Your goal: Word-for-word transcription: reproduce all of the data, but not the pictures.

Dataset section:
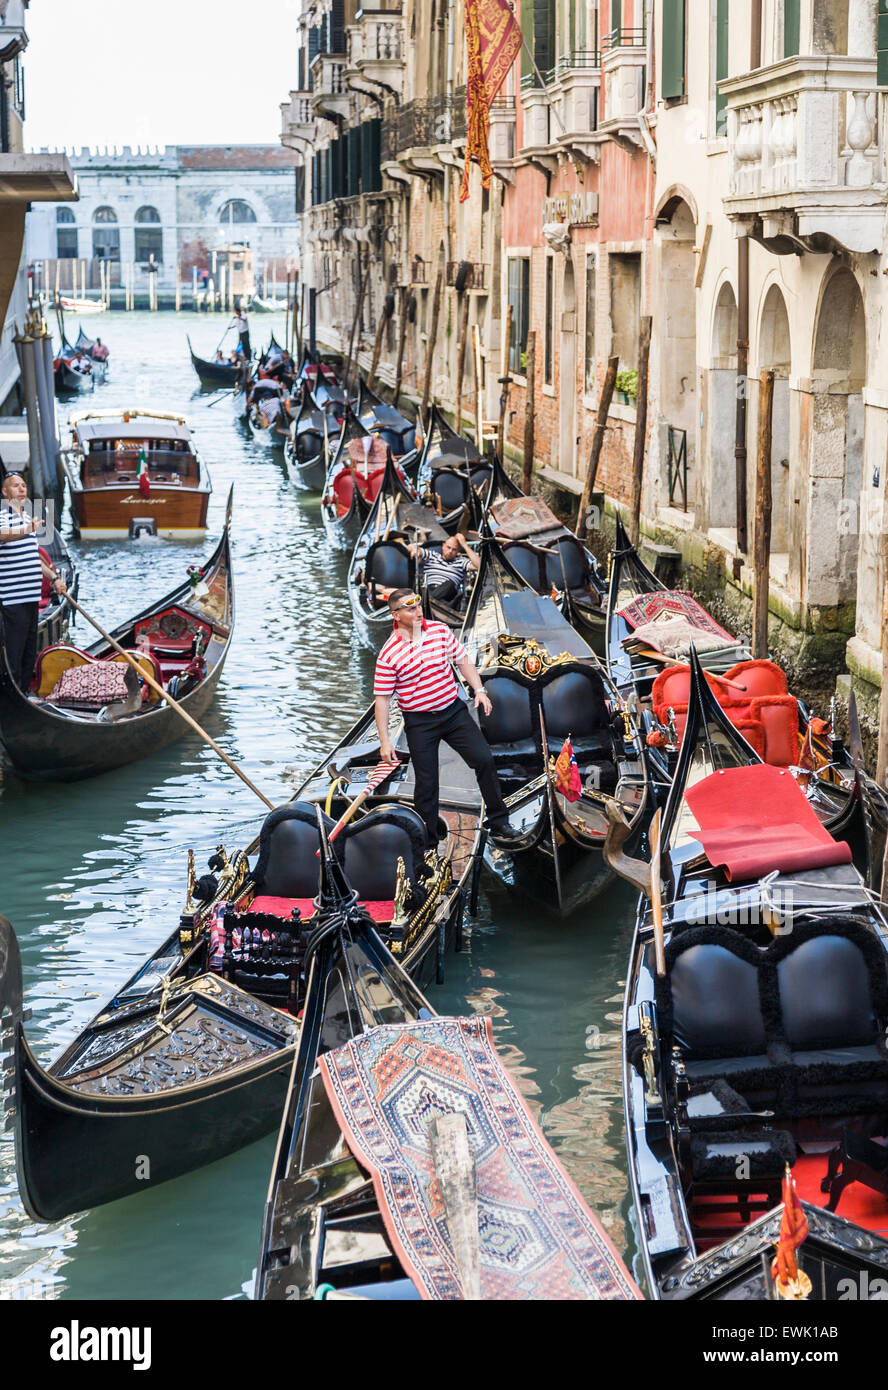 Gondeln vor Anker in einem Seitenkanal in Venedig, Gondoliere im traditionellen gestreiften Hemd wartet auf touristischen Kunden Stockfoto
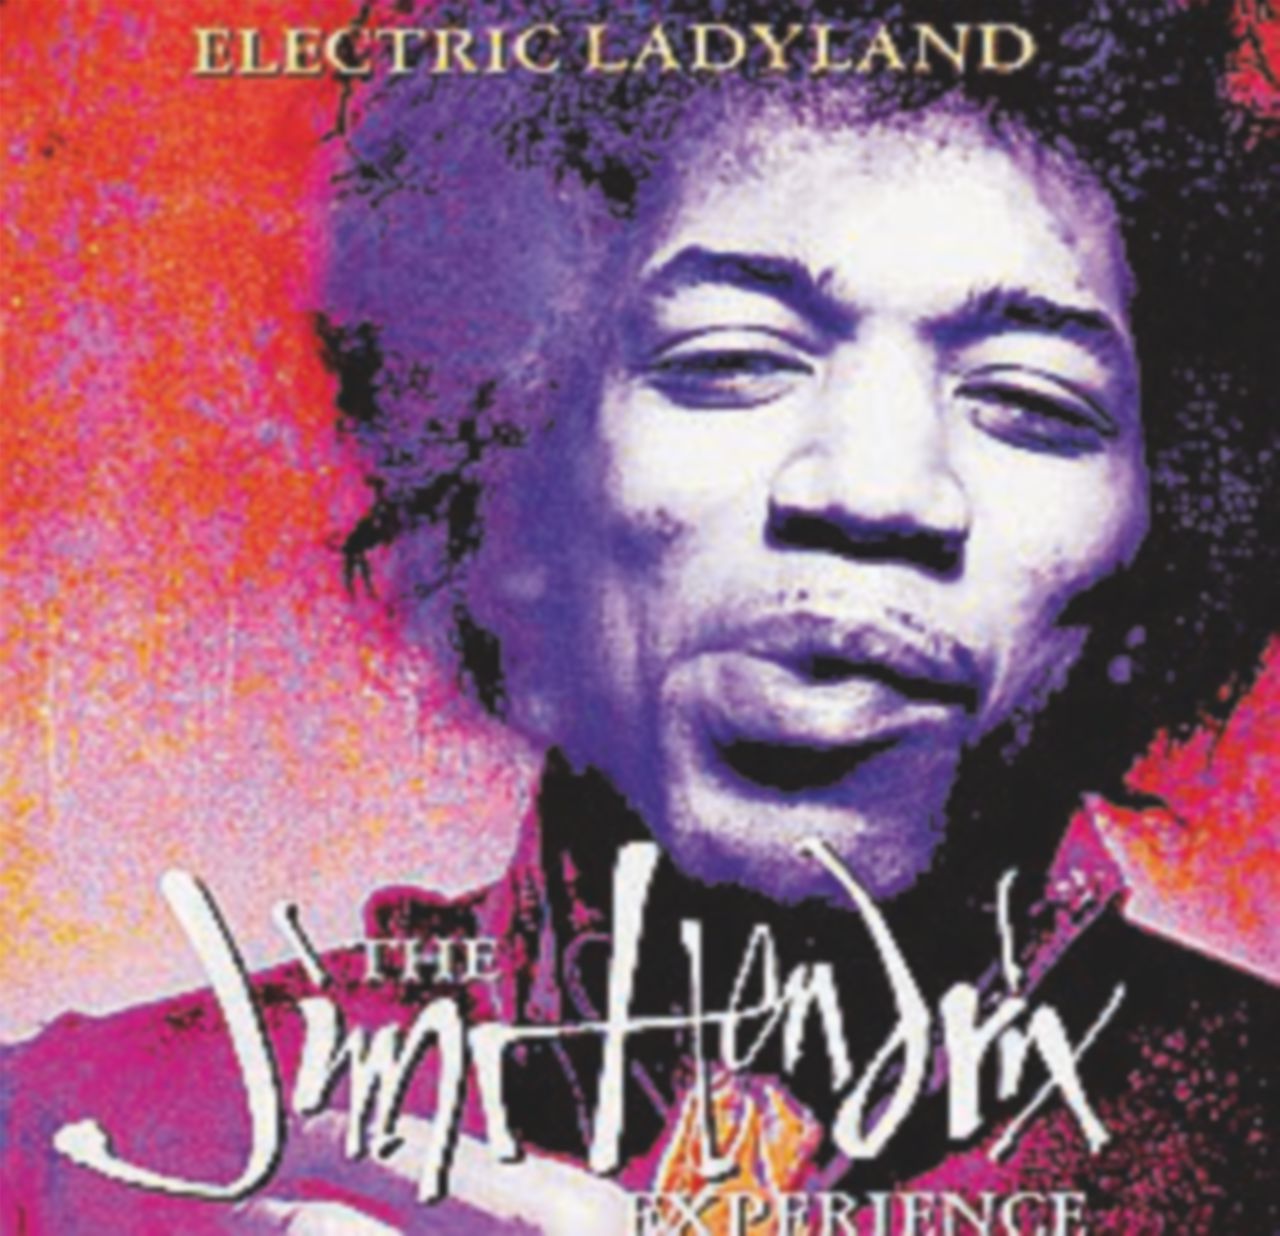 Copertina di “Eletric Ladyland”, la magia definitiva di Jimi Hendrix
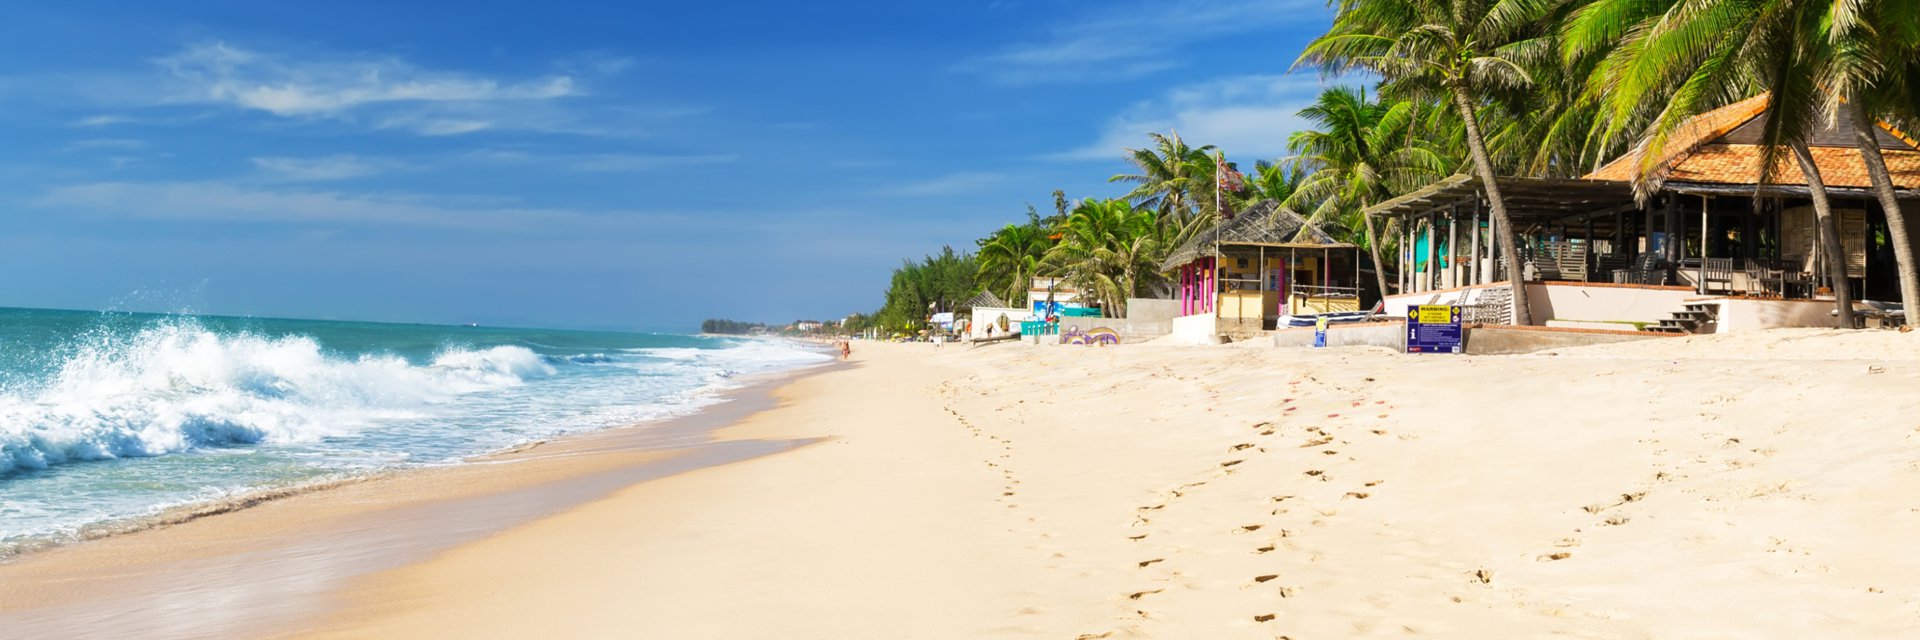 Ocean Star Resort 4* (Фантхиет, Вьетнам) - цены, отзывы, фото, бронирование - ПАКС

Answer box:
 Gondeln vor Anker in einem Seitenkanal in Venedig, Gondoliere im traditionellen gestreiften Hemd wartet auf touristischen Kunden Stockfoto
 Copertina di “Eletric Ladyland”, la magia definitiva di Jimi Hendrix
 Ocean Star Resort 4* (Фантхиет, Вьетнам) - цены, отзывы, фото, бронирование - ПАКС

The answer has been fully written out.